Your objective
Once you reach the line with "金銀菜粟米湯味道清甜，湯色淳" in the material below, copy each line exactly up to and including the line with "Unisex 5-pocket jeans Denim l.blue wash", and skip the pictures.

Source data
== Segment start ==

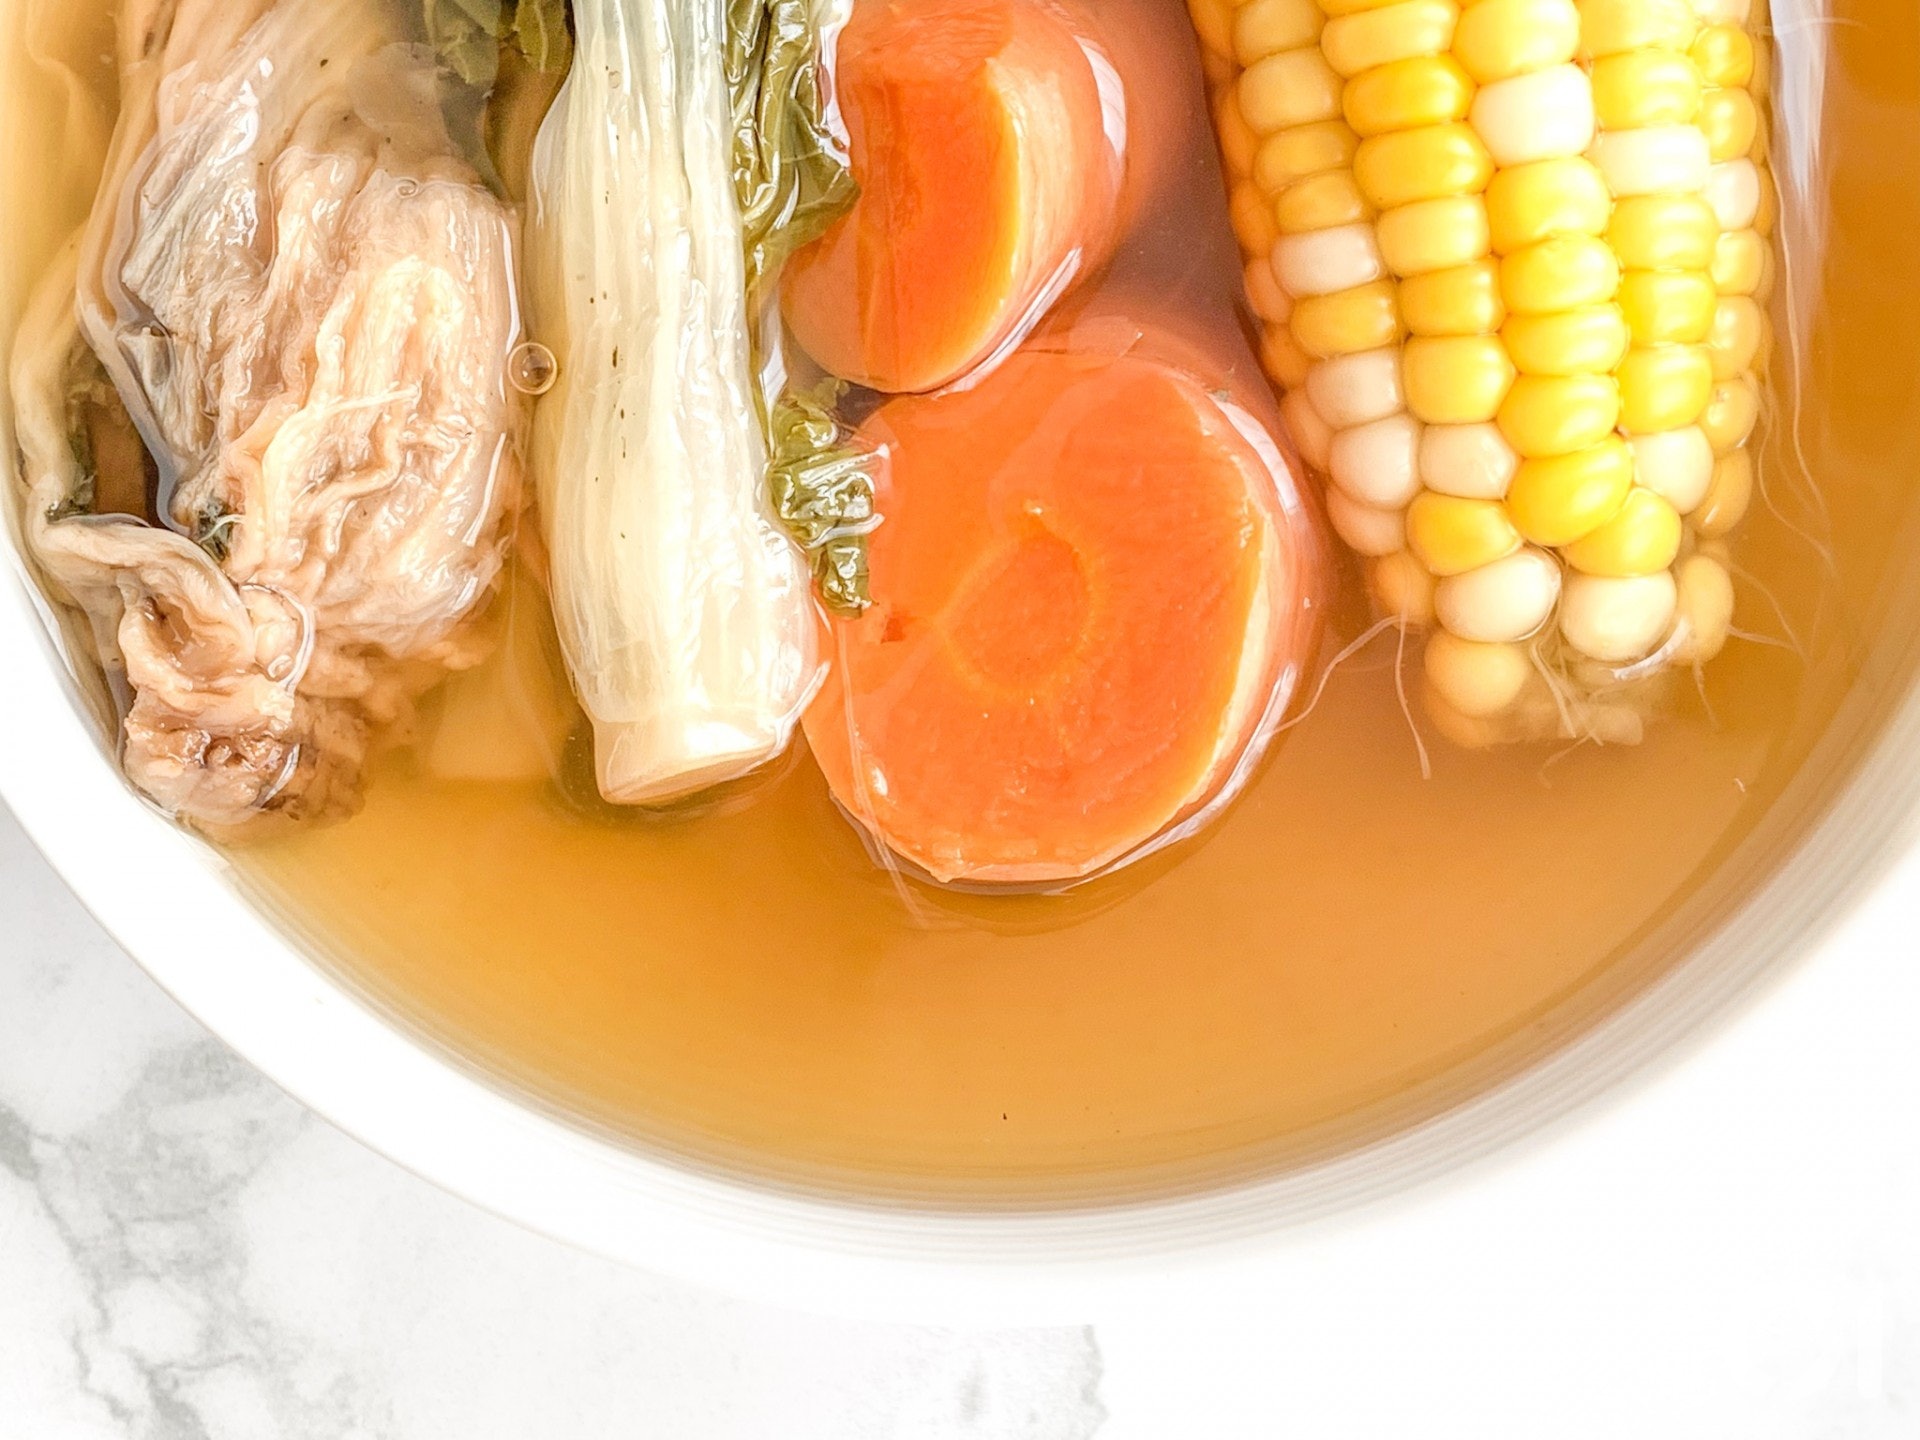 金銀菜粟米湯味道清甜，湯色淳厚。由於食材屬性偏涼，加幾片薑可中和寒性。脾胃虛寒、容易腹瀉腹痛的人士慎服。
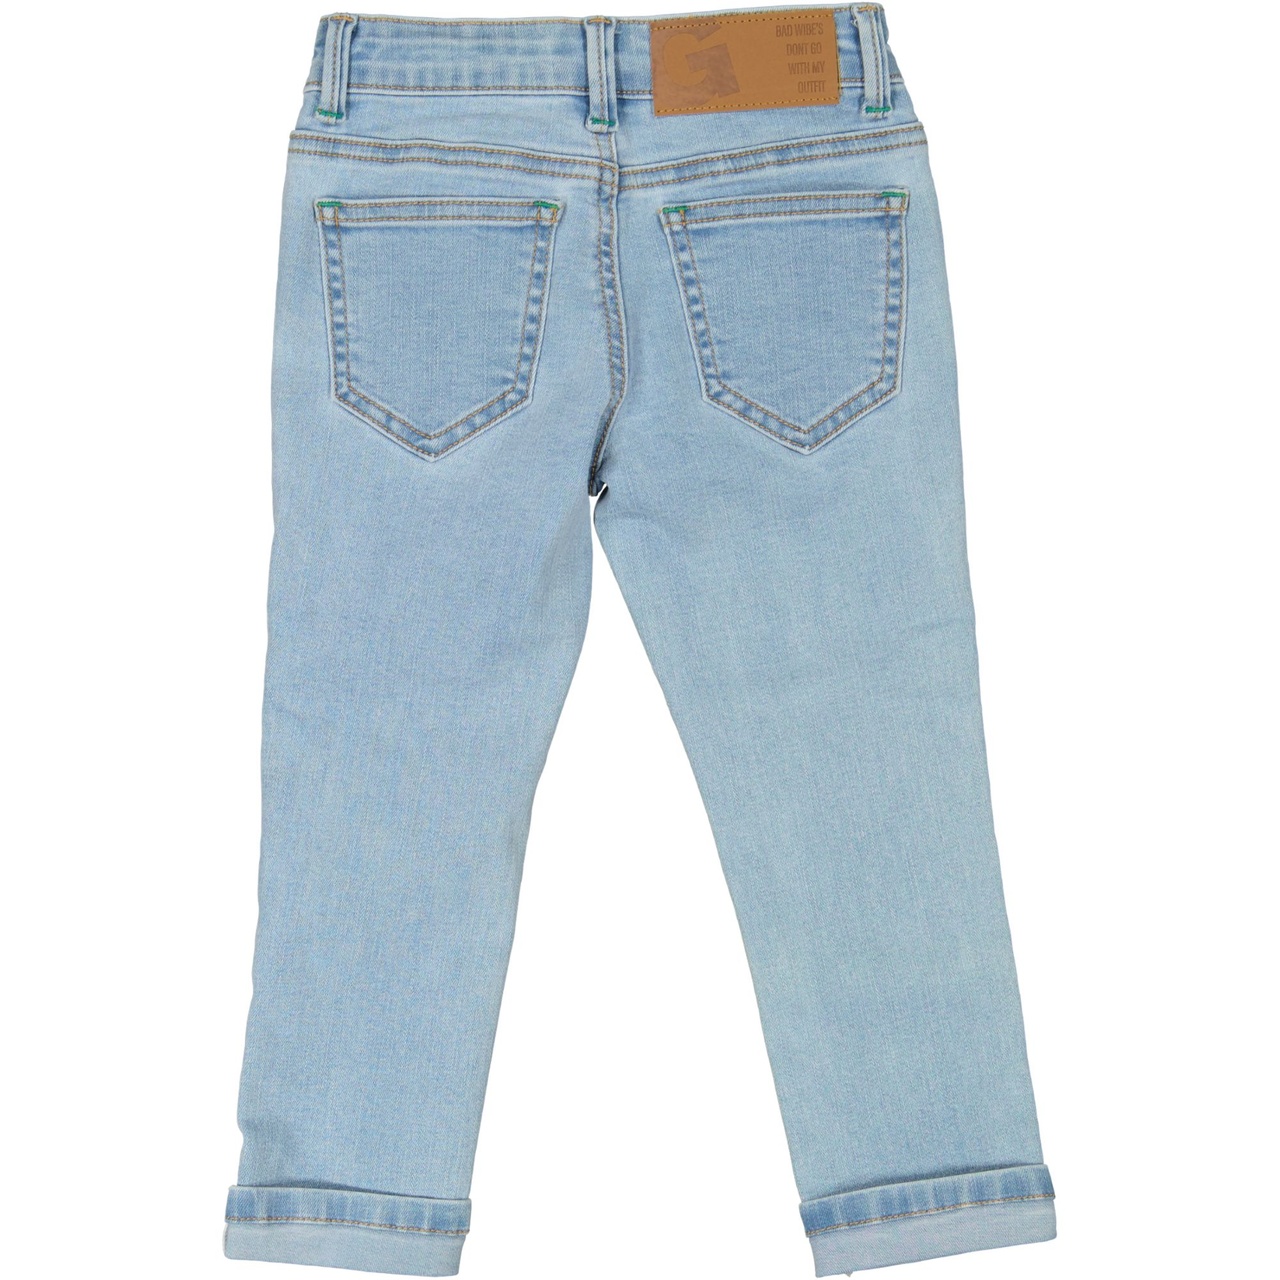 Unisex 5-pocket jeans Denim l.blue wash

== Segment end ==
== Segment start ==

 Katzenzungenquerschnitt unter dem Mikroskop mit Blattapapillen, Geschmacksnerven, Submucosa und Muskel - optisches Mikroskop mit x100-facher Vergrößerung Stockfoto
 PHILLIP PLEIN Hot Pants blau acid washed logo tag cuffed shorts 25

== Segment end ==
== Segment start ==

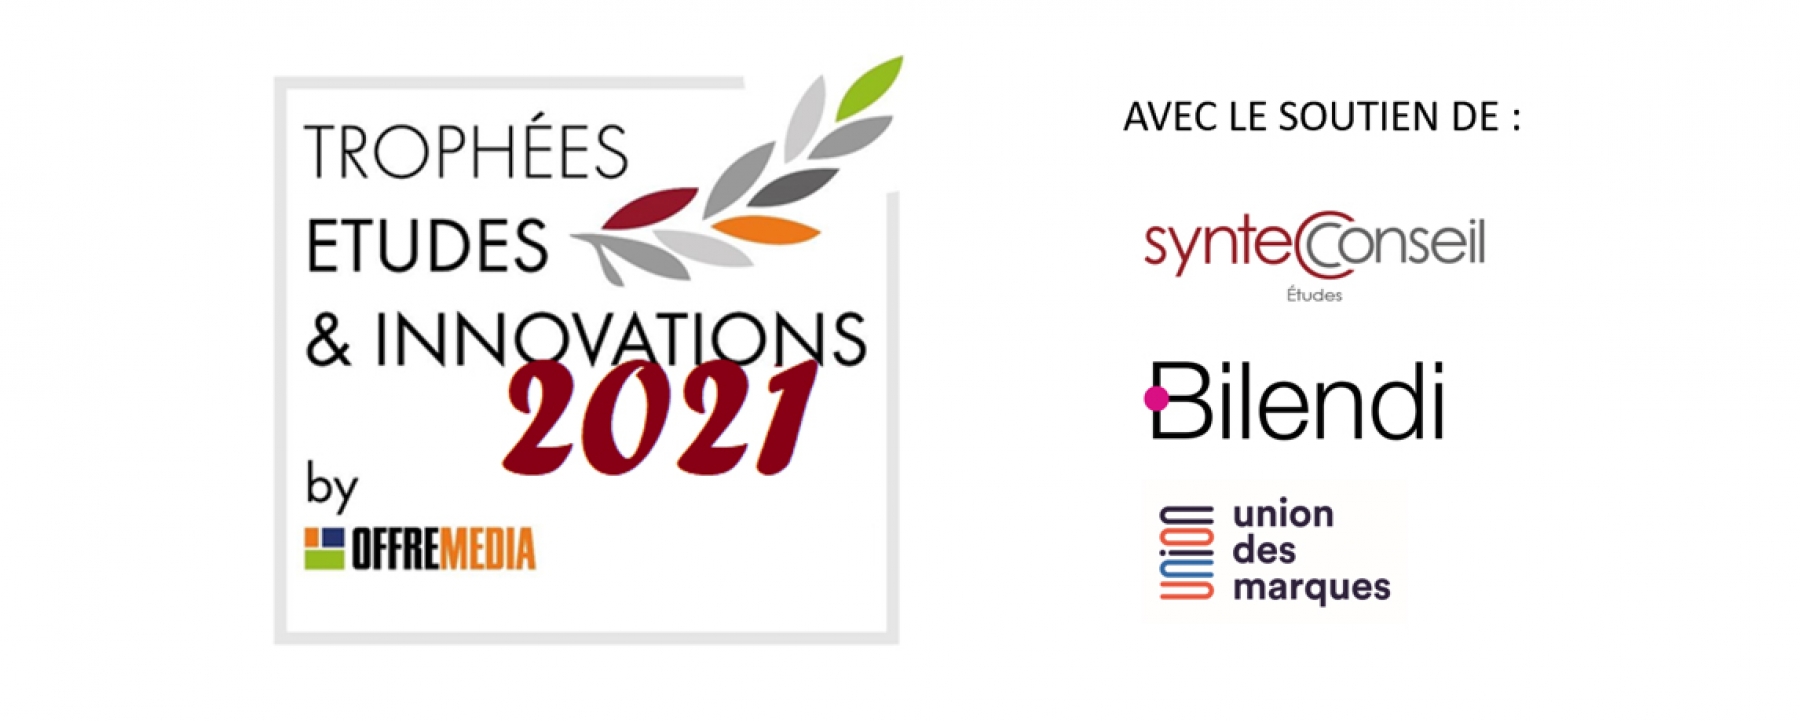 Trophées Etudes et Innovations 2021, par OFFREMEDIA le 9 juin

== Segment end ==

Expected answer
 金銀菜粟米湯味道清甜，湯色淳厚。由於食材屬性偏涼，加幾片薑可中和寒性。脾胃虛寒、容易腹瀉腹痛的人士慎服。
 Unisex 5-pocket jeans Denim l.blue wash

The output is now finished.